The build-up to the next general election took a new twist in Tipperary this week with independent councillor Richie Molloy coming out in support of Lucinda Creighton’s yet to be formed new political party.
His decision means a sundering of any ties with Independent TD Mattie McGrath with whom he formed an alliance - along with fellow independent Martin Lonergan - before last year’s local elections.
However that alliance hit rocky waters before the count was even complete with Molloy critical of the vote distribution that saw Lonergan top the poll - and later become the new Municipal Council’s first mayor - with Molloy fighting for one of the last seats.
And with Deputy McGrath committing himself last week to joining forces with Roscommon/South Leitrim TD Michael Fitzmaurice to form a new grouping of like-minded TDs, it is unlikely he would find himself in the same camp as Lucinda Creighton and her supporters.
Cllr Molloy told The Nationalist this week that he had attended the first meeting of then named Reform Alliance twelve months ago and had been impressed with what Creighton had to say.
Now following her announcement last week that she is going ahead with plans for a new party, Cllr Molloy said he has invited her to visit Tipperary and outline her proposals at a public meeting.
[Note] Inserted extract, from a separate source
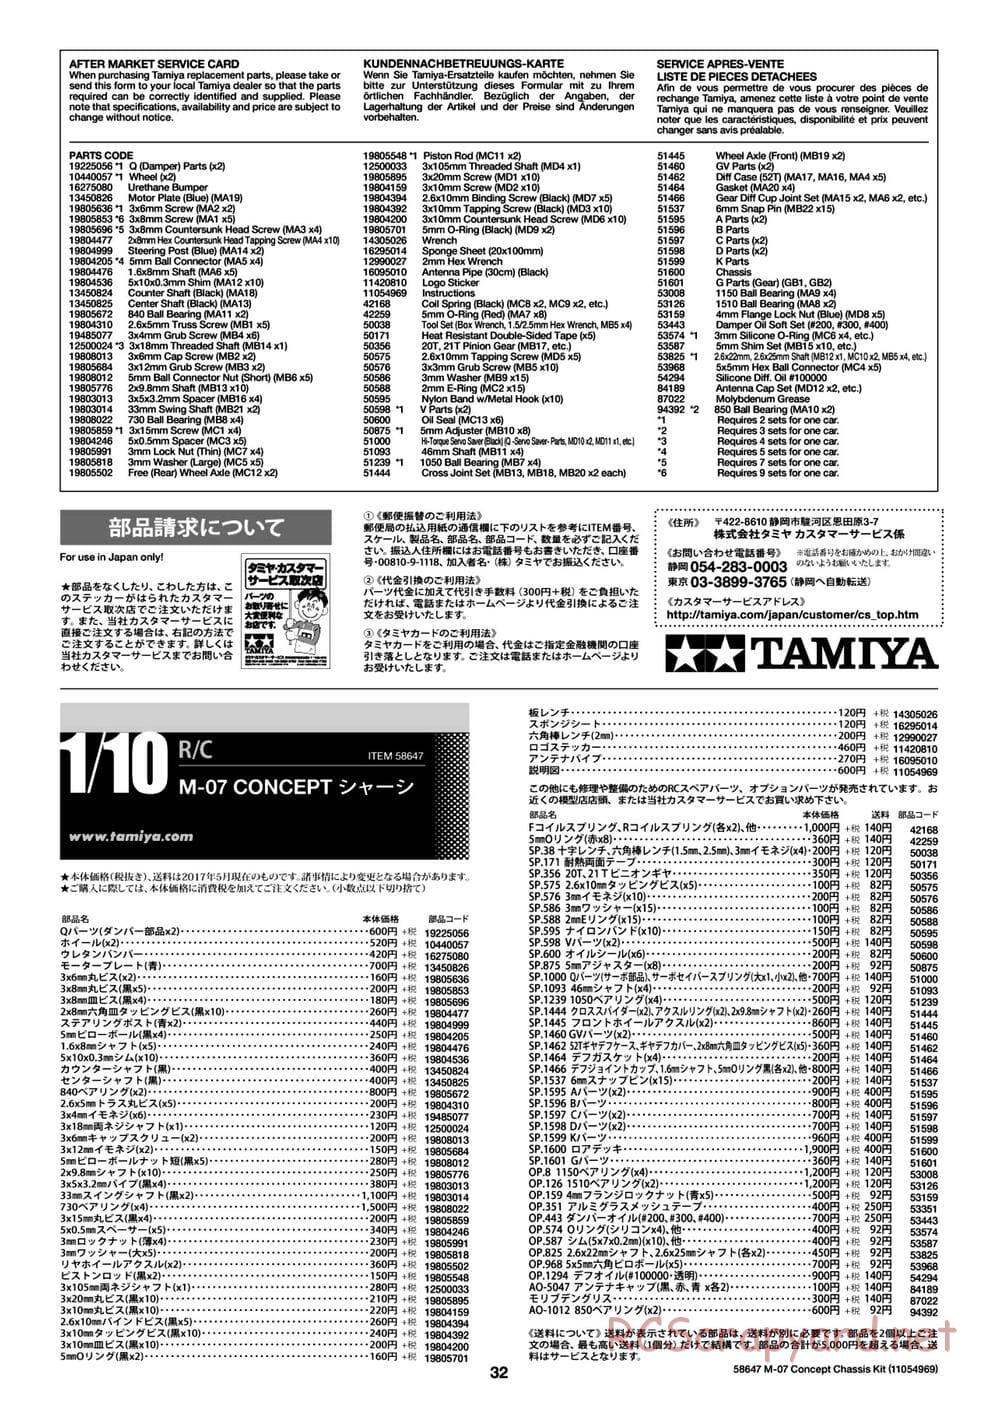 Tamiya - M-07 Concept Chassis - Manual - Page 32
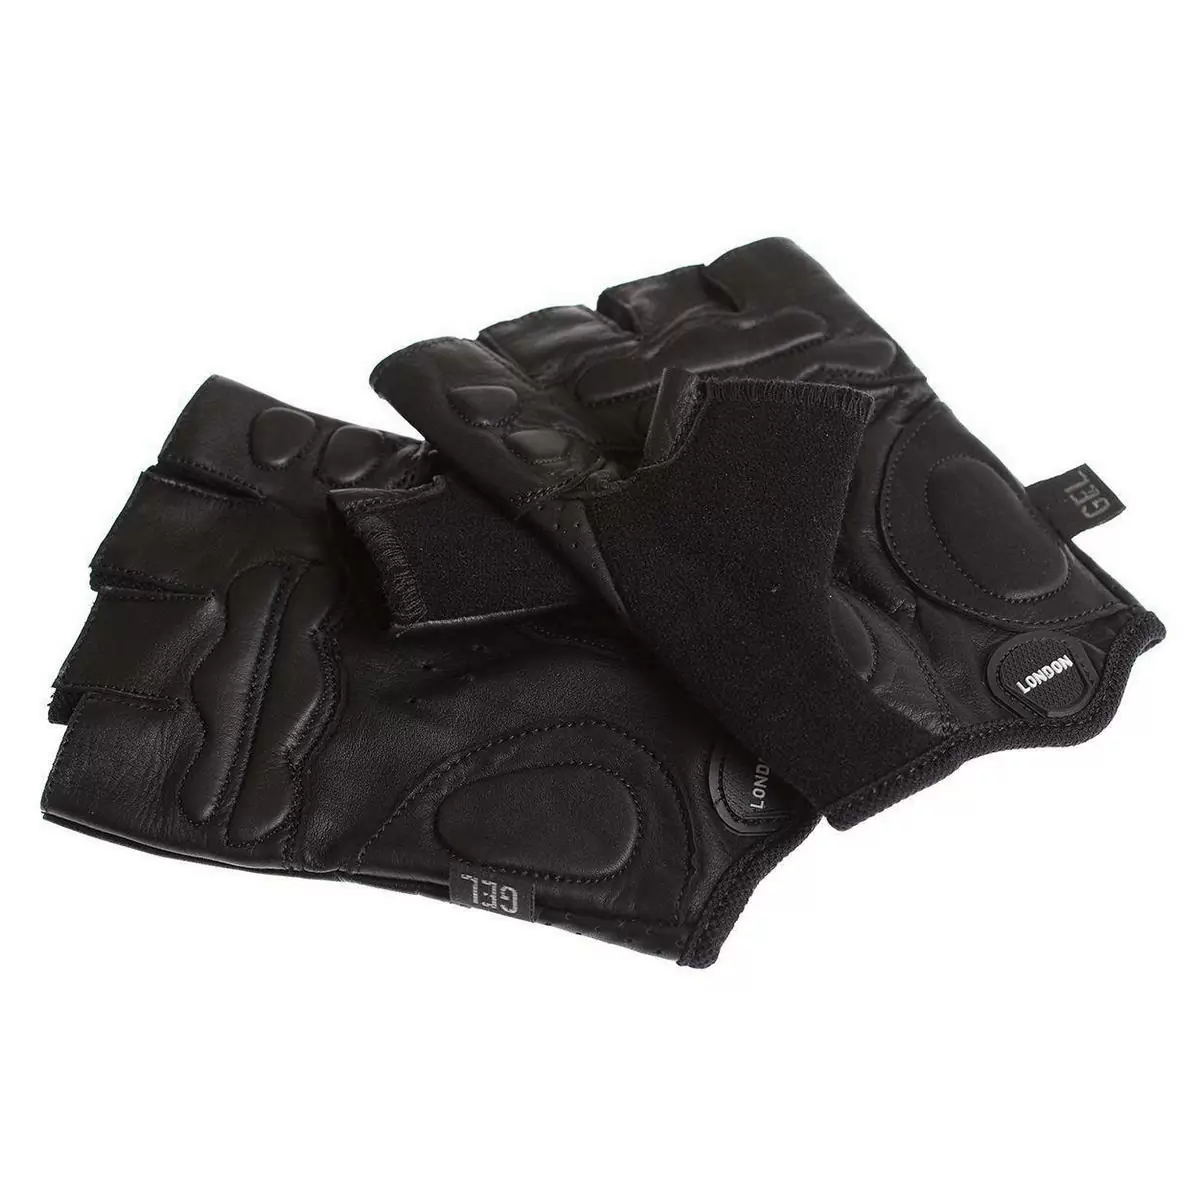 leather gloves classic sport size xxl black #2

He said there was a huge appetite from the general public for a new party as the old civil war parties have run their course and that was proven in the local elections when so many Independents were elected. “I also like her ideas on not enforcing a party whip on members on moral issues in the new party”, he said.
Cllr Molloy said he didn’t envisage running for the new party in the next general election but neither did he rule it out. Deputy Creighton said she hoped to run candidates in every constituency and Cllr. Molloy is the first elected representative in Tipperary to come out in support of her.
“I don’t see myself running in the general election. At the moment I am just interested in joining the party. I stood for the Progressive Democrats before and I know how difficult it is. And it will be even more difficult now with Tipperary reduced one single five seat constituency”, said Cllr Molloy who has also been a member of Fianna Fail.
He said he was looking forward to seeing the policies of the new party but expected them to be similar to his own on many issues. “They seem to be saying that every member will have a voice and that is something that is not happening in the big parties. Fine Gael now is like Fianna Fail-light”, he remarked.